Under Marion v. Sneeden, 291 U.S. 262, 54 S.Ct. 421, 78 L.Ed. 787; Texas & Pac. R. Co. v. Pottorff, 291 U.S. 245, 54 S.Ct. 416, 78 L.Ed. 777; Sneeden v. City of Marion, 7 Cir., 64 F.2d 721; Granzow v. Village of Lyons, 7 Cir., 89 F.2d 83, 85, if we are permitted to accept the averment that the securities were those of the bank and that defendant was so advised, the pledge was invalid, and, as we said, in the last mentioned case, “being void the transaction could not be confirmed, ratified, enforced or rendered enforceable by the application of any doctrine of estoppel or otherwise. California Bank v. Kennedy, 167 U.S. 362, 17 S.Ct. 831, 42 L.Ed. 198; McCormick v. Market [Nat.] Bank, 165 U. S. 538, 17 S.Ct. 433, 41 L.Ed. 817; Central Transportation Co. v. Pullman’s Palace-Car Co., 139 U.S. 24, 11 S.Ct. 478, 35 L.Ed. 55. This is because, not merely that the bank ought, not to make the contract, but that it could not legally make it. Ratification is impossible if there is no power to contract. Central Transportation Co. v. Pullman’s Palace-Car Co., 139 U.S. 24, 11 S.Ct. 478, 35 L.Ed. 55. And knowledge of the lack of existence of authority is conclusively presumed. McCormick v. Market Bank, 165 U.S. 538, 17 S.Ct. 433, 41 L.Ed. 817.” And as the Supreme Court observed, in Texas & Pac. R. Co. v. Pottorff, supra, the illegal result . of such pledge may not be achieved by circumvention.
Consequently the sole question upon defendant’s appeal is whether an estoppel was created, by the language of the bond, to deny that the securities were those of the sureties and to assert that they were in fact those of the bank. It is undoubtedly the law that, if a recital in a bond is definite, specific, and clear, it may not be denied, and knowledge of the obligee that it is untrue is immaterial, for one may not deny his solemn affirmation of a fact upon which another has relied. But, if the recital is not of definite and clear character, an estoppel does not result, for it is essential to the creation of such a bar to assert the truth that it appear that the parties understood and accepted an unambiguous statement of fact. Such is not the case here.

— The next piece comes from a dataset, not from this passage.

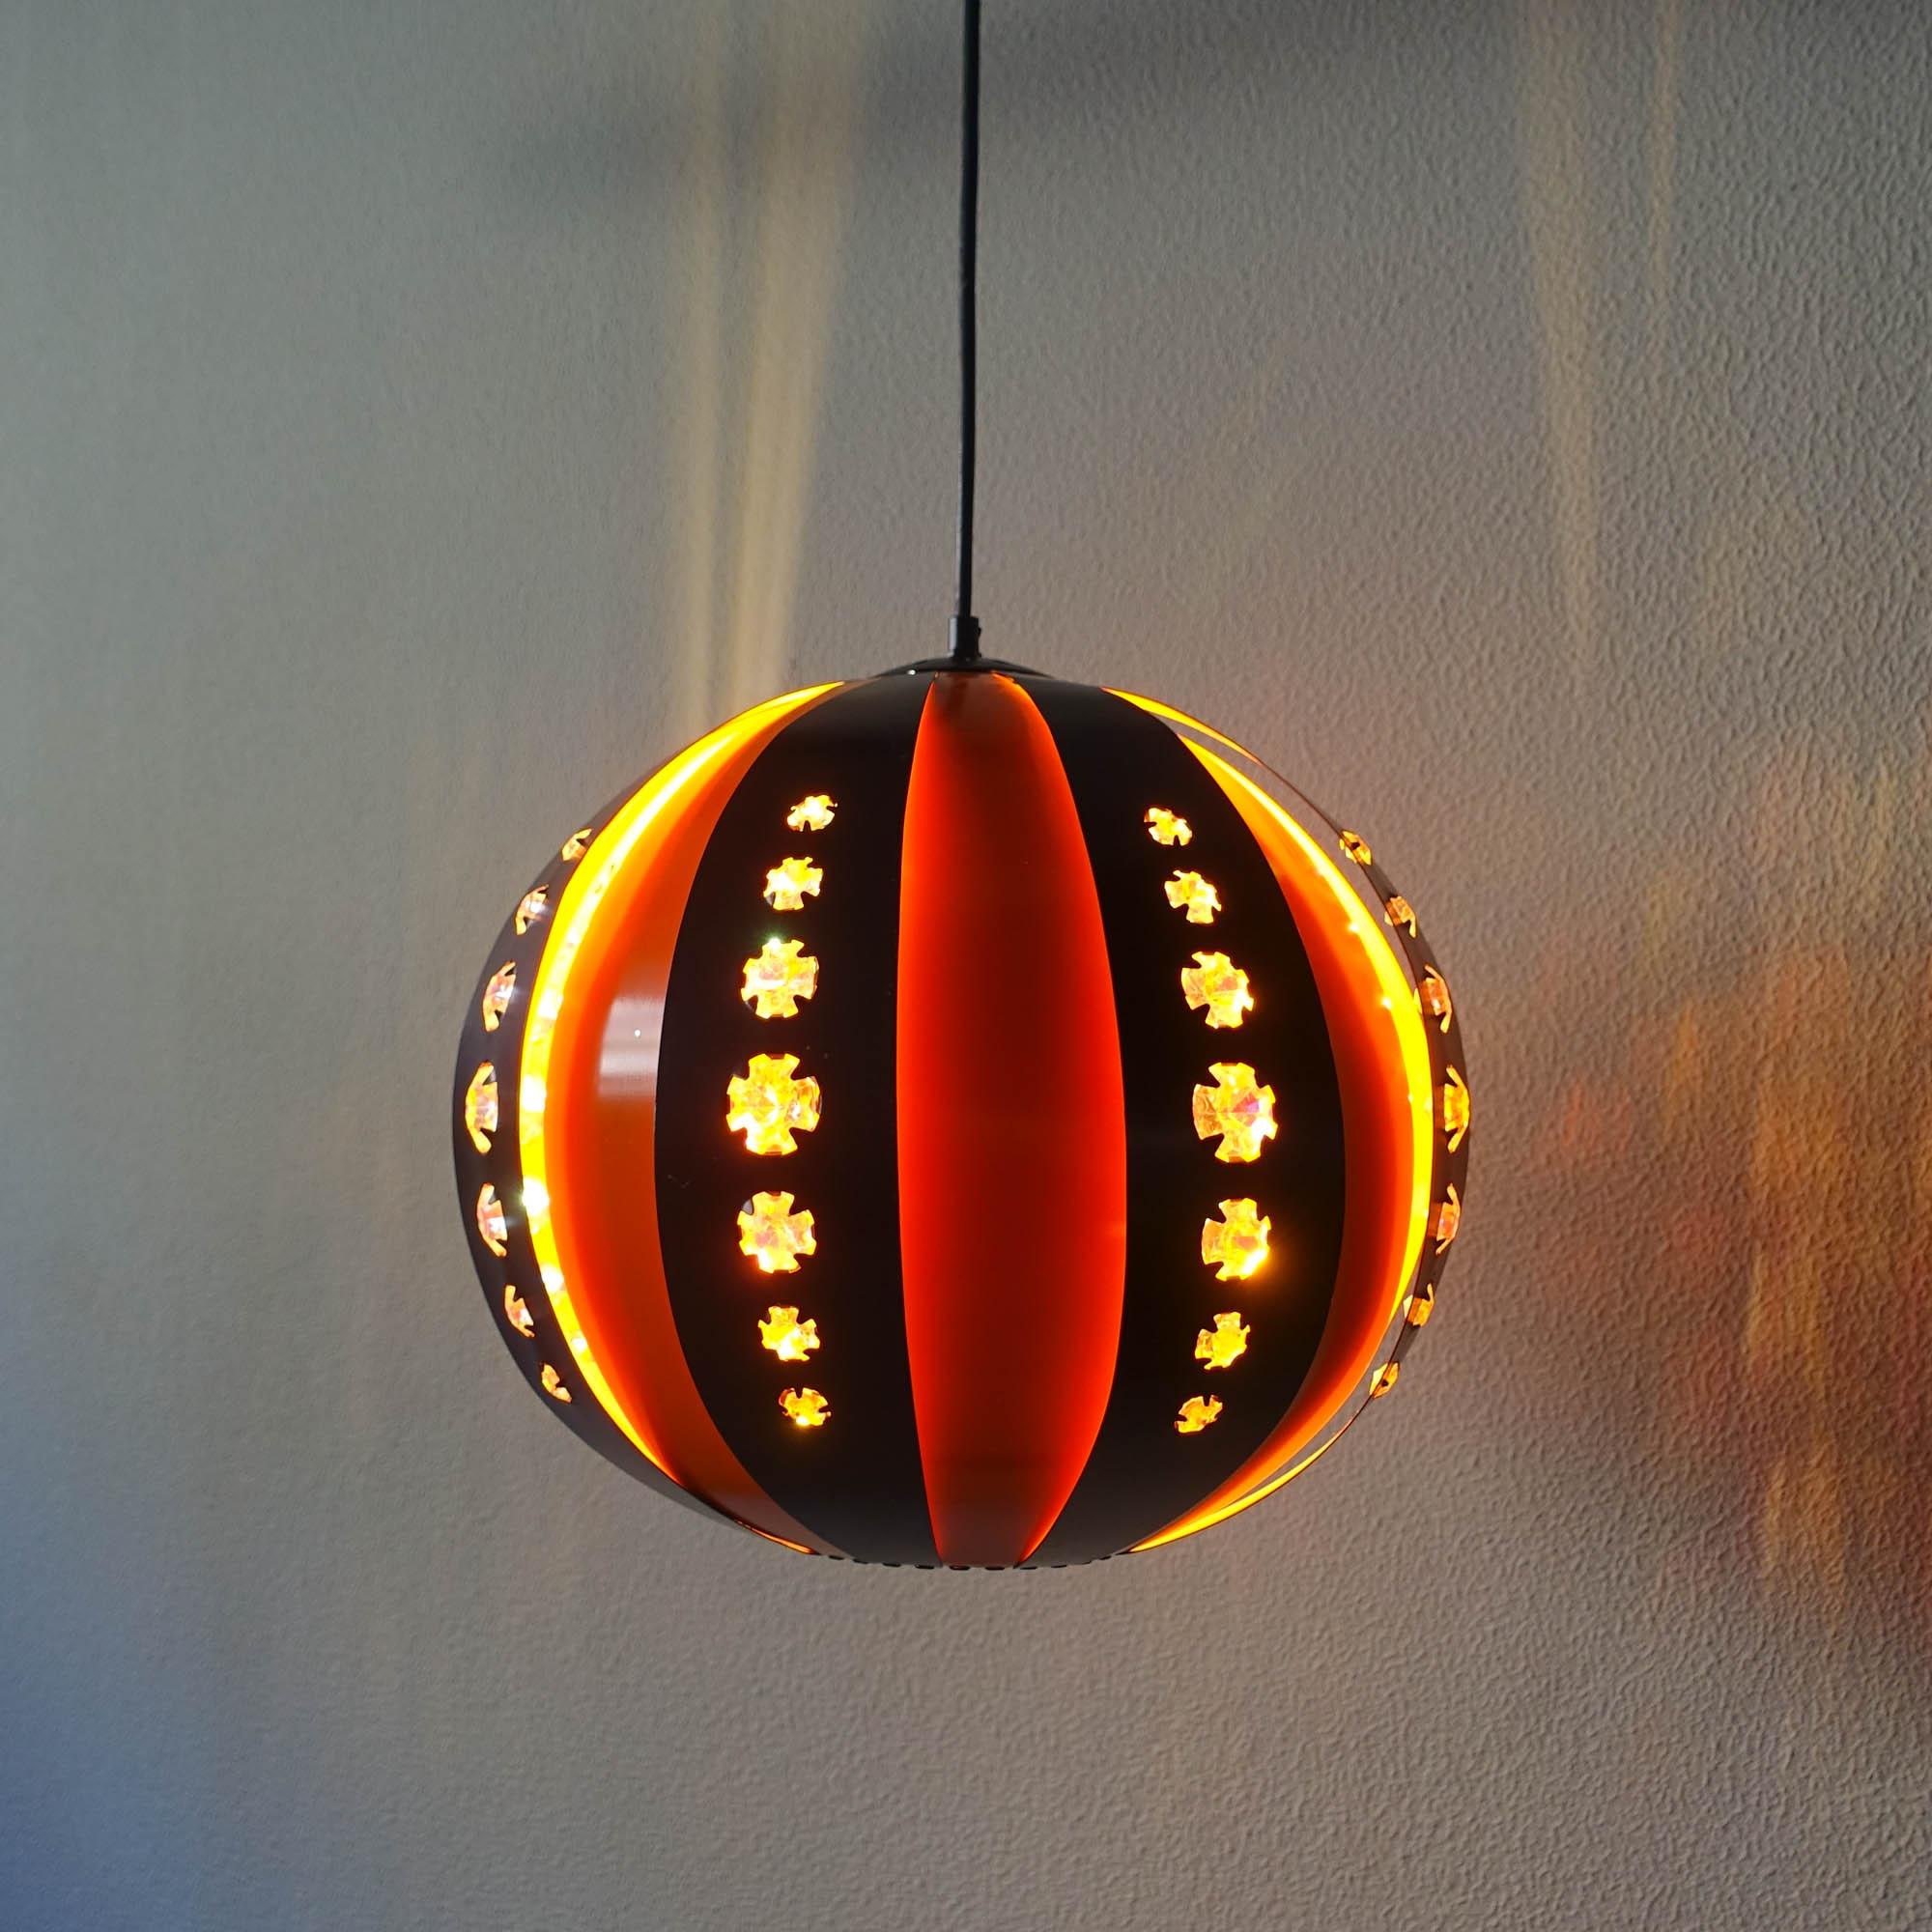 Werner Schou Pendant Light for Coronell Elektro, 1970's For Sale 5

In the first place, the recital relied upon is part of a provision in a printed blank which has not been filled. There is no recital that the securities actually pledged have been deposited or that any specific securities have been deposited. There is merely the incomplete recital that bonds of the “face value of - dollars” have been deposited by the '“surety” and the averments of the complaint, which must be accepted as true, show, that of the securities deposited $155,000 were not bonds but were anticipation warrants and that only $6,000 were bonds. Furthermore, there was no recital that the bonds were the property of the sureties or that anything was done by the sureties other than deposit “-bonds.” There were sureties upon the bond but only a single surety is included in the recital. The bond provides that upon default and sale defendant shall deliver to the principal any surplus of the proceeds of the sale “and the remaining unsold collateral bonds deposited by said principal, if any,” provided, however, that the surety shall return its receipt for the bonds.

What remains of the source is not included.